How the US and Soviet Union helped turn Castro into a dictator.

Frank Furedi

Frank Furedi

Topics Politics

Judging by much of the social-media reaction to the death of Fidel Castro, you could be forgiven for thinking he was a malevolent monster who bears ultimate responsibility for all the terrible experiences that afflicted his native Cuba, and for many of the problems across Latin America.

It is easy to overlook an inconvenient fact: that Castro the monster also inspired millions of people across the world and is still held in high esteem by a substantial minority of Cuban people. To understand the Castro phenomenon, it is not enough to brand him evil, and more importantly we should not confuse the outcome of his revolution with its starting point and original ideals.

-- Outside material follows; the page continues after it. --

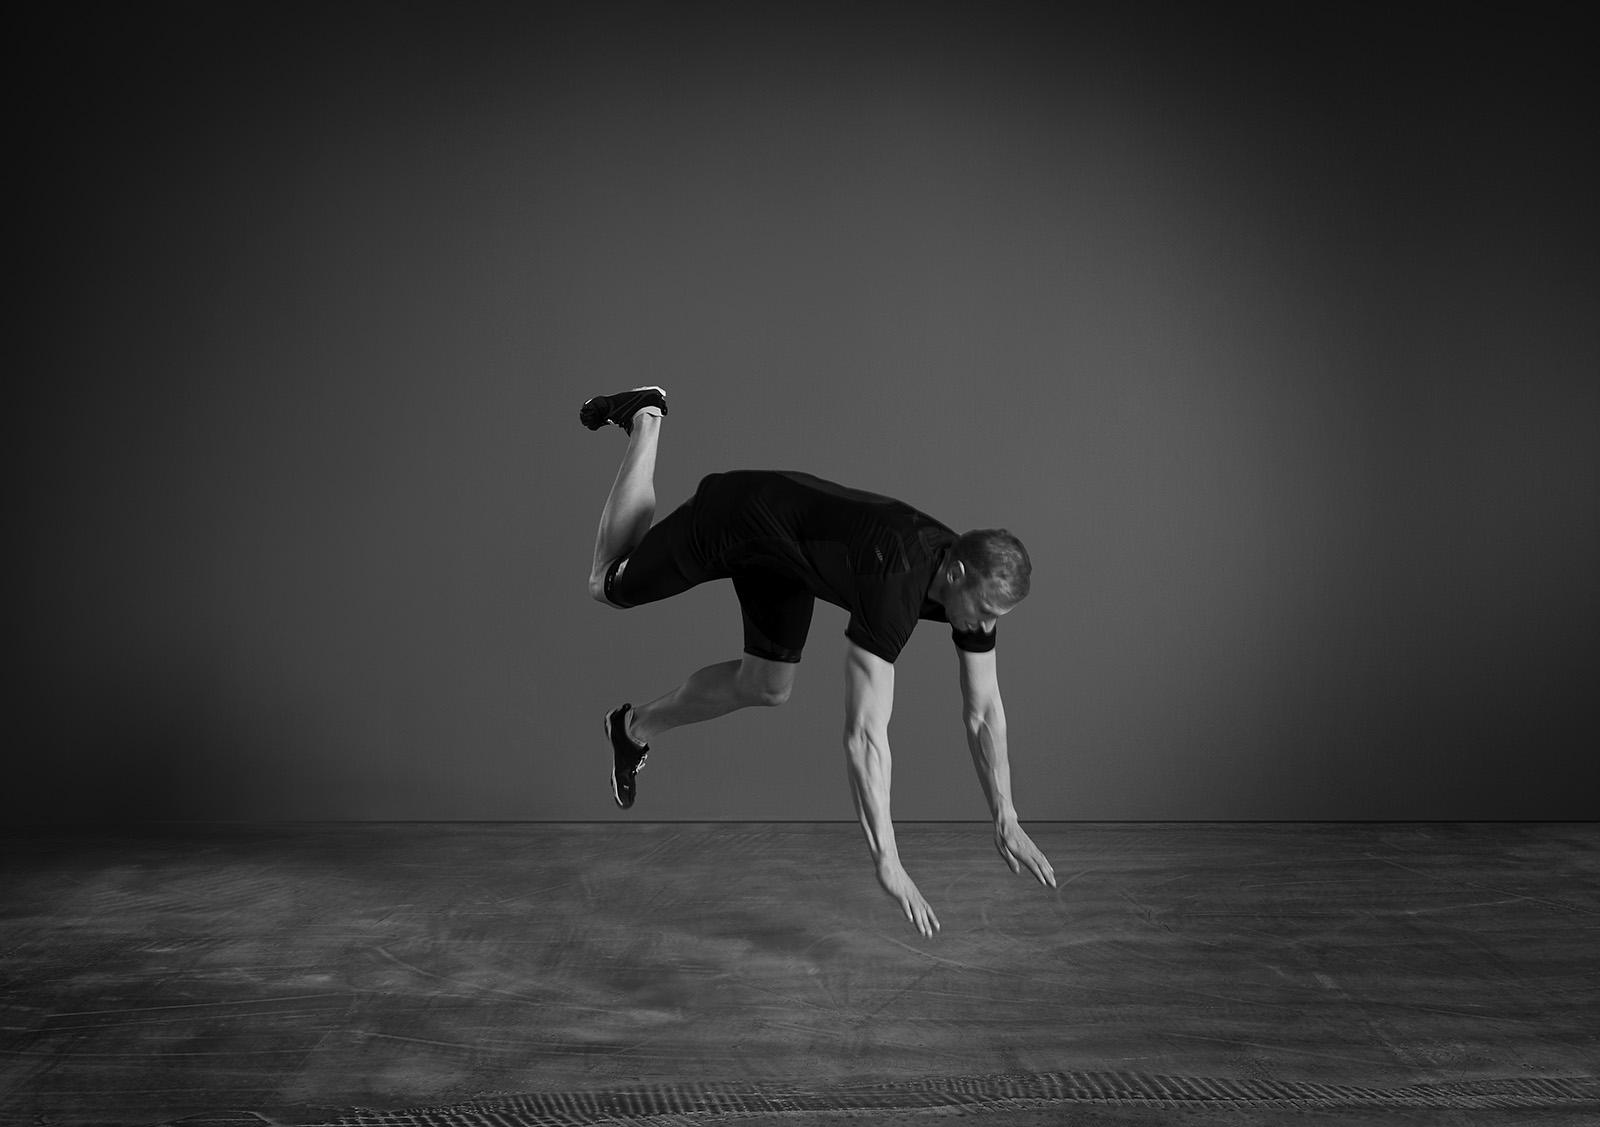 patrick-schreiber-Personal-Training-jump-4er
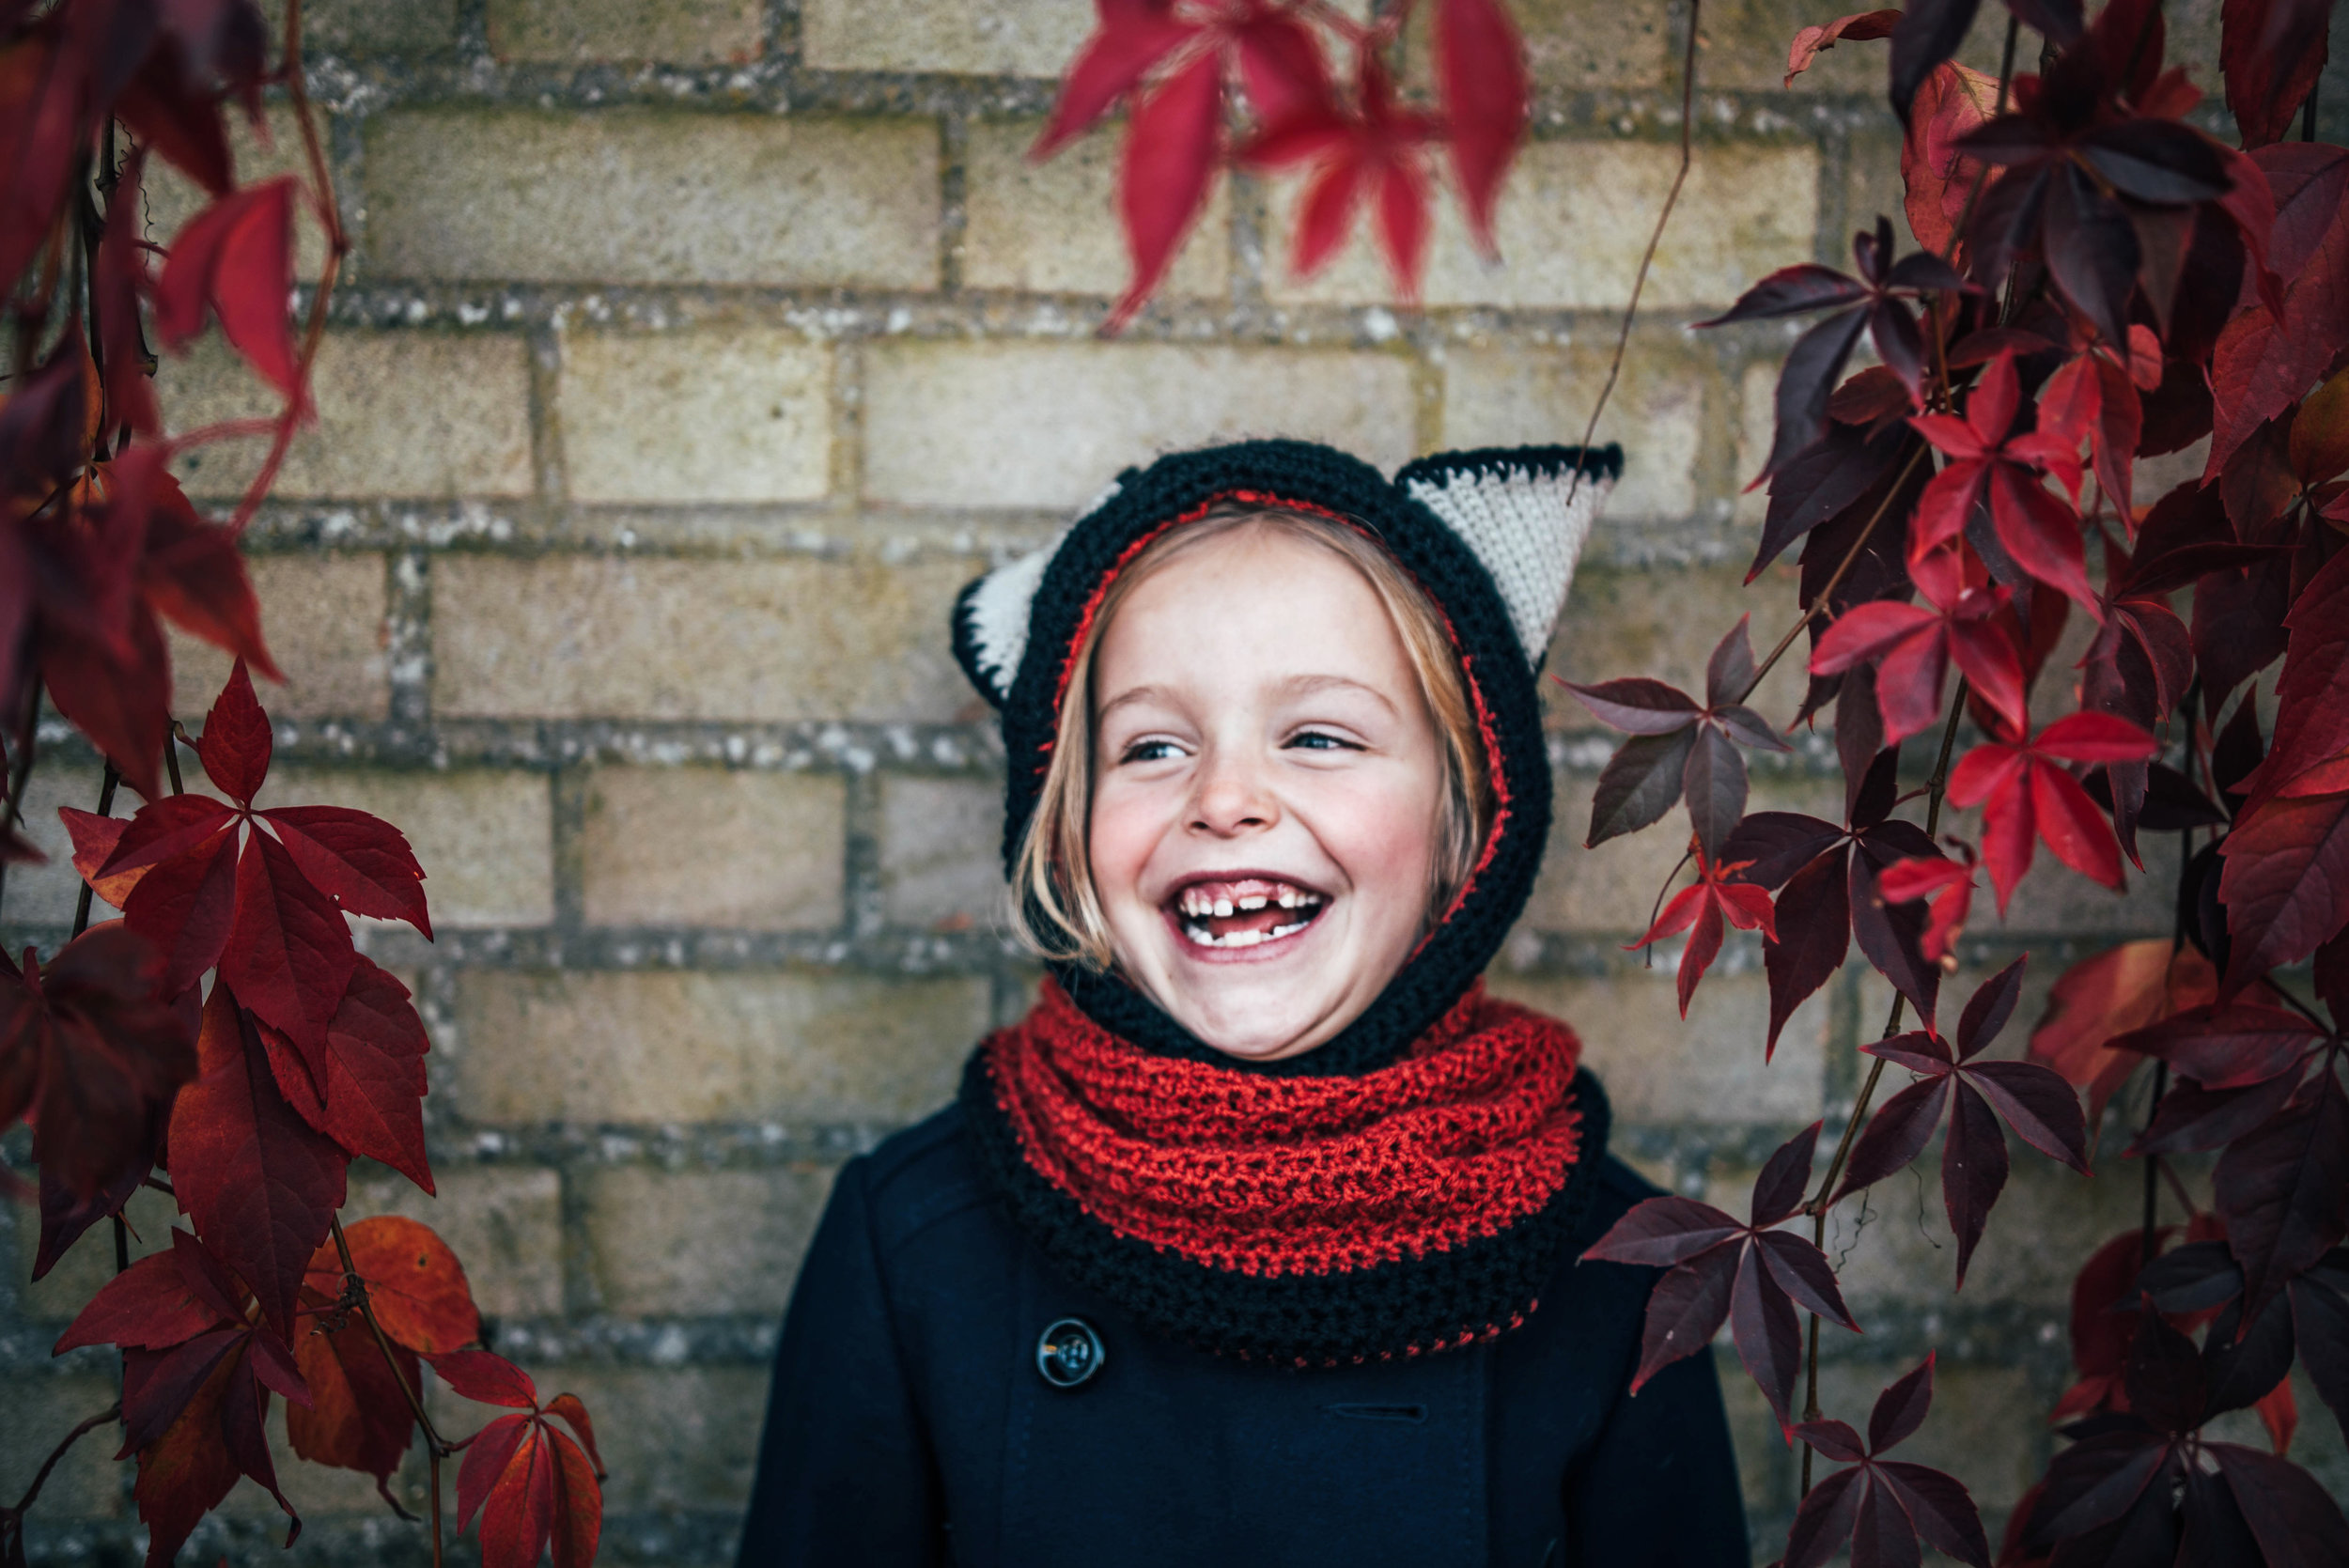 Little girl in Fox hat Autumn Leaves Essex UK Documentary Portrait Photographer

The Cuban Revolution of 1959 that brought Castro to power had little to do with Marxism, communism, socialism or the Soviet Union. Castro’s main inspiration was José Martí, the 19th-century leader of the struggle for Cuban independence from Spain. Castro’s revolution was dominated by an outlook of radical nationalism, not communism, and its aim was to end Cuba’s status as a typical banana republic — a neo-colony dominated by American political and economic interests.

Anyone who bothers to look back at the ideas that motivated the Cuban revolutionaries of the late 1950s will see that their worldview was a synthesis of radical nationalism, anti-colonialism and democratic ideals.

Unlike other radical politicians in Latin America, Castro took his ideals very seriously. And for American foreign-policy makers, this was a big problem, since it implicitly challenged Washington’s hegemony over the region. For a while, American diplomats hoped that Castro would fall into line and, like other regional leaders, passively accept their dictates once he assumed power. But it turned out that Castro was unwilling to betray the ideals of the revolution and refused to trade Cuba’s independence for Washington’s endorsement.

The true tragedy for Cuba is that the revolution occurred at the height of the Cold War. The United States could not countenance tolerating an independent Cuba lest it encourage other Latin American nations similarly to take matters into their own hands. The US also feared that the Soviet Union would be the main beneficiary of an independent Cuba. So Washington sought to undermine the Castro regime by isolating Cuba, and it eventually imposed an economic blockade.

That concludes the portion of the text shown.